RECORDED DATA>
"""

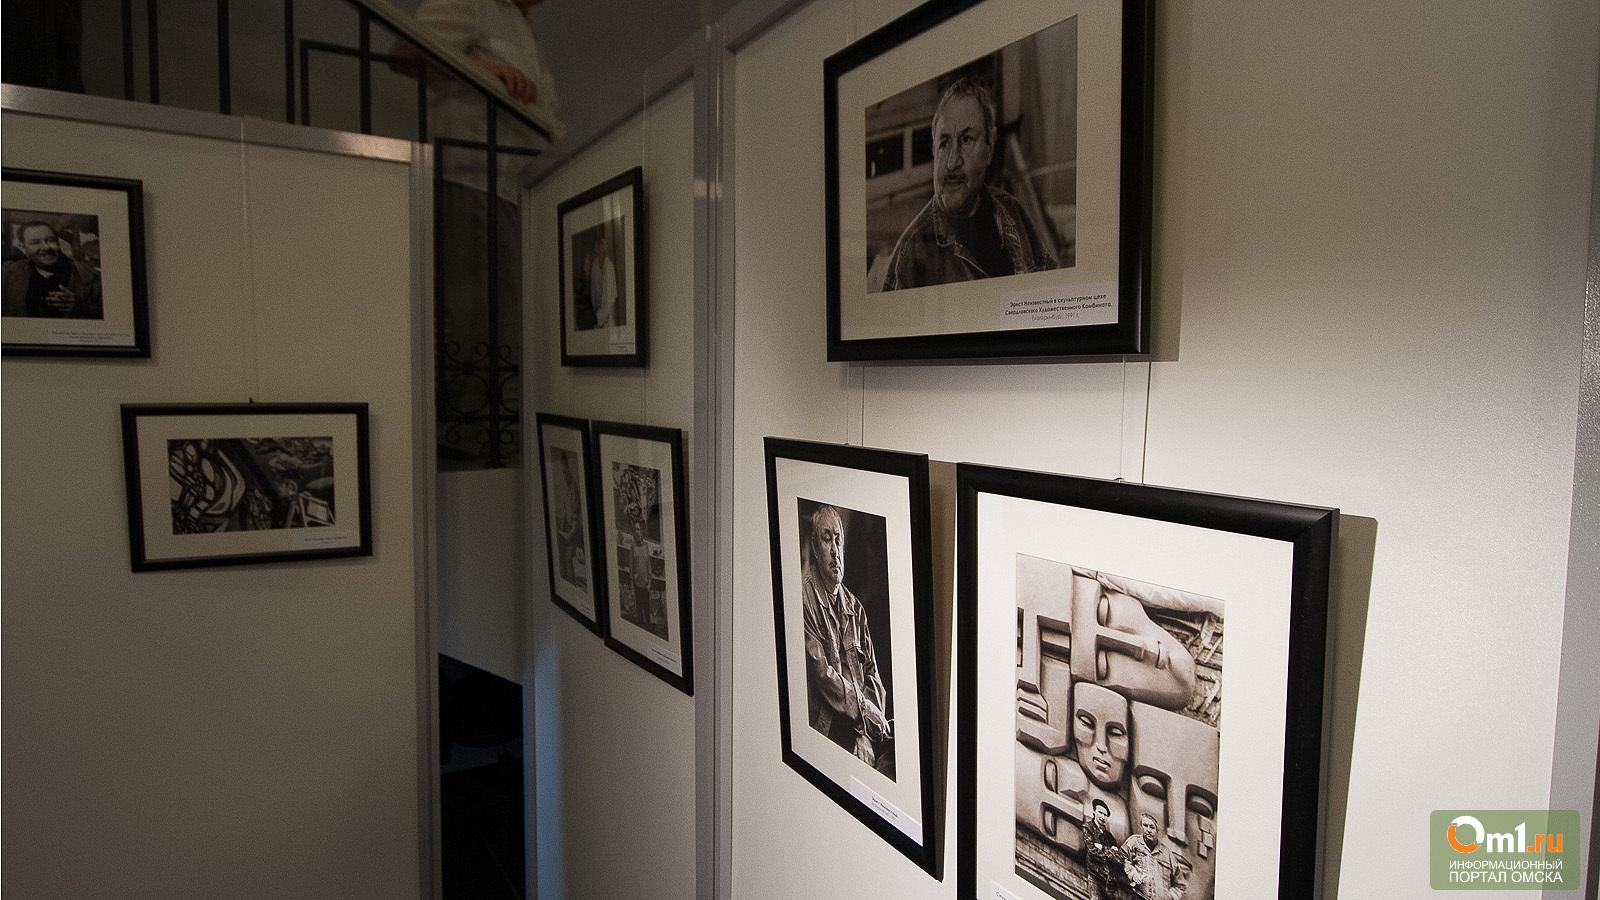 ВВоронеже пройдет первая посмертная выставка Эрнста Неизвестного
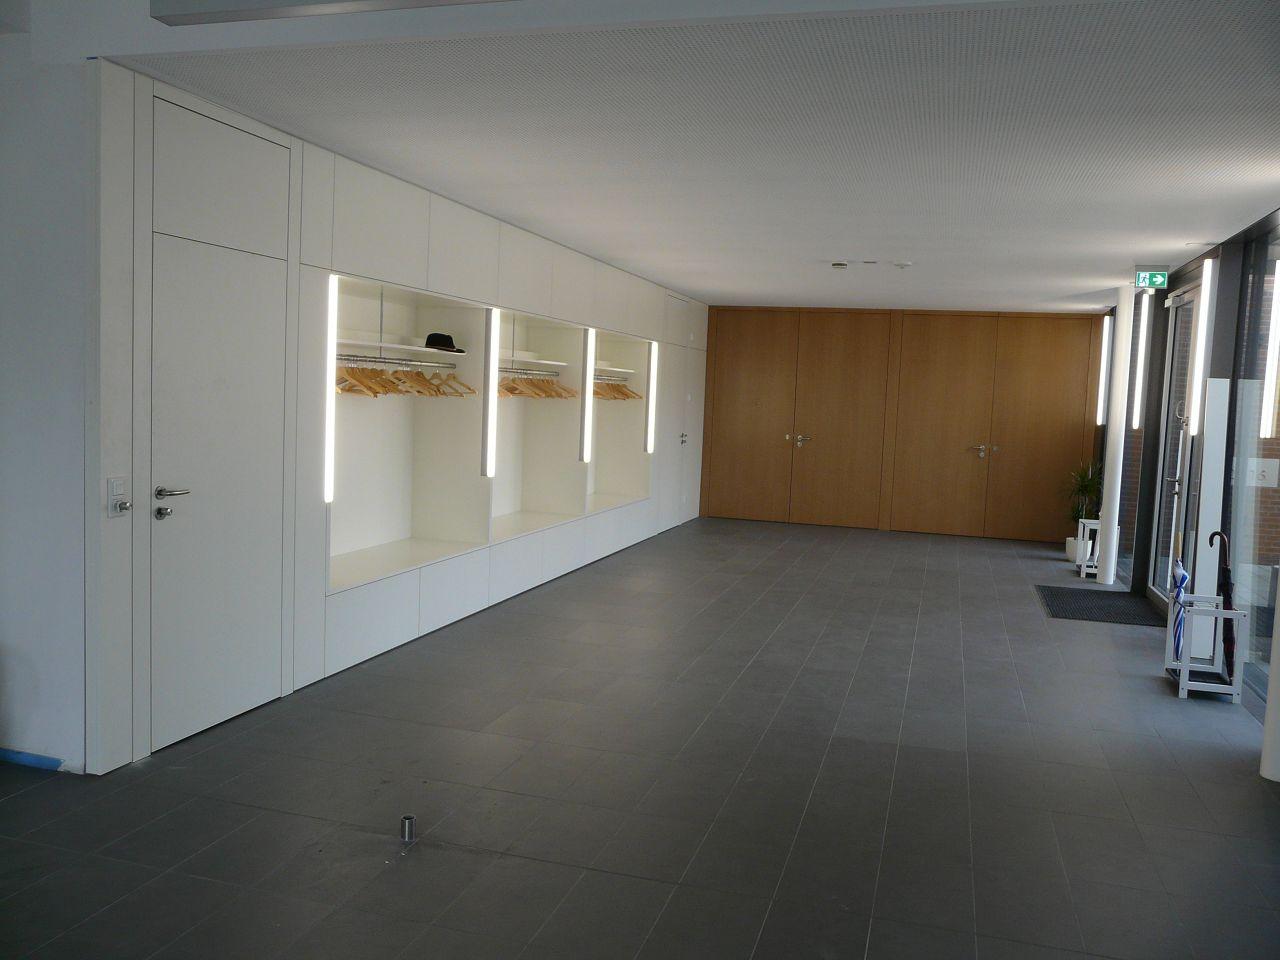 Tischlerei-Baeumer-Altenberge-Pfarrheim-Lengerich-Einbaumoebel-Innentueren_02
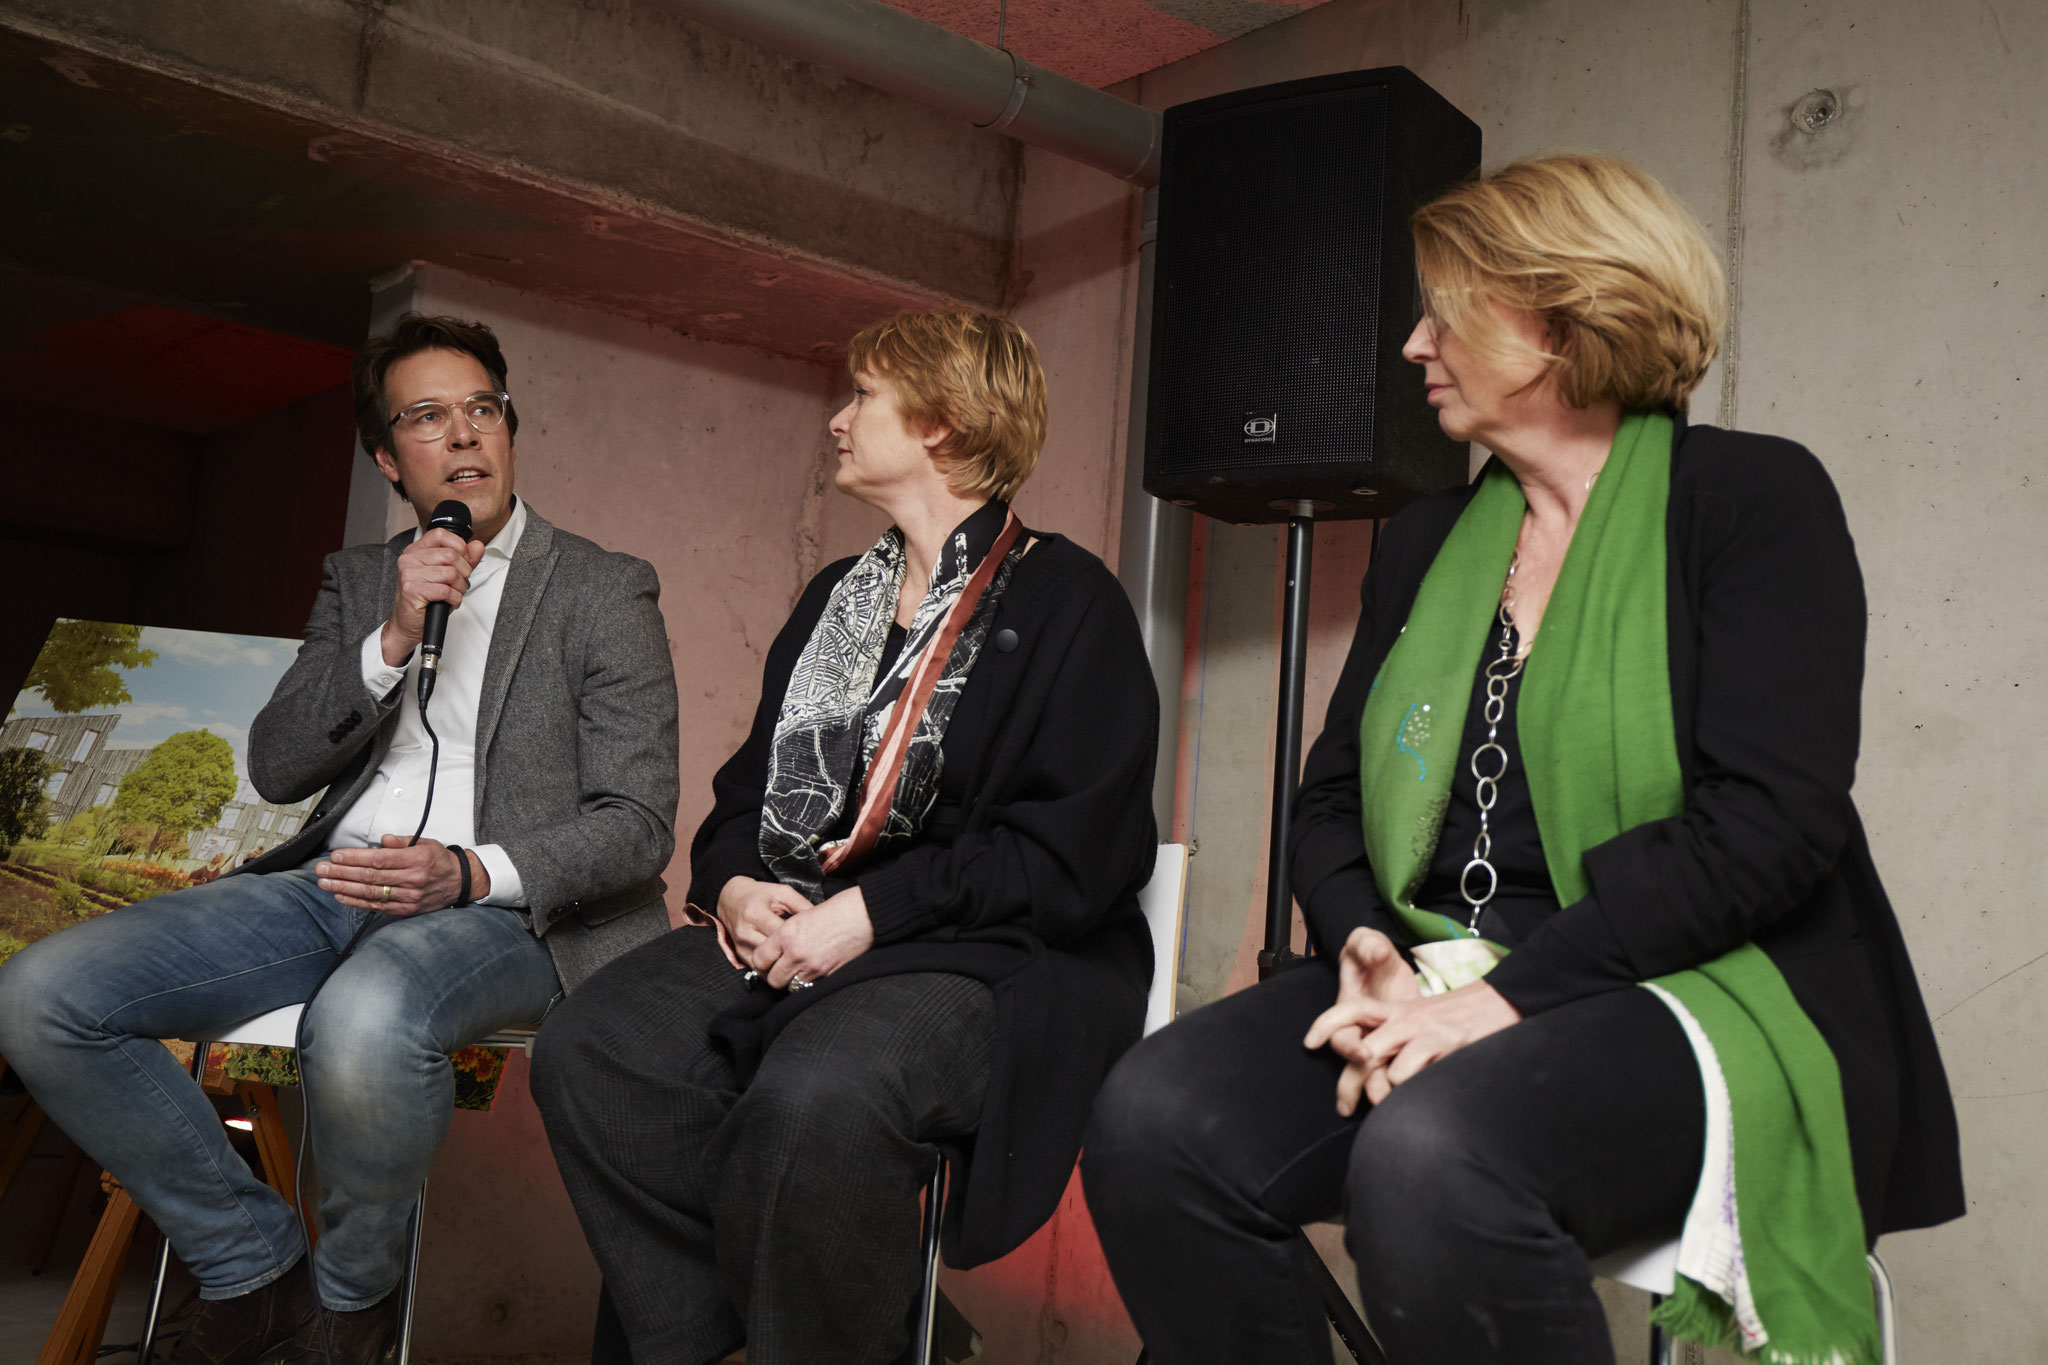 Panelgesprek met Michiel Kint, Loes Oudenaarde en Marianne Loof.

"""

THE PROBLEM> Since pictures are not part of the copy, set down only the remaining data exactly.

EXERCISE SOLUTION>
 ВВоронеже пройдет первая посмертная выставка Эрнста Неизвестного
 Tischlerei-Baeumer-Altenberge-Pfarrheim-Lengerich-Einbaumoebel-Innentueren_02
 Panelgesprek met Michiel Kint, Loes Oudenaarde en Marianne Loof.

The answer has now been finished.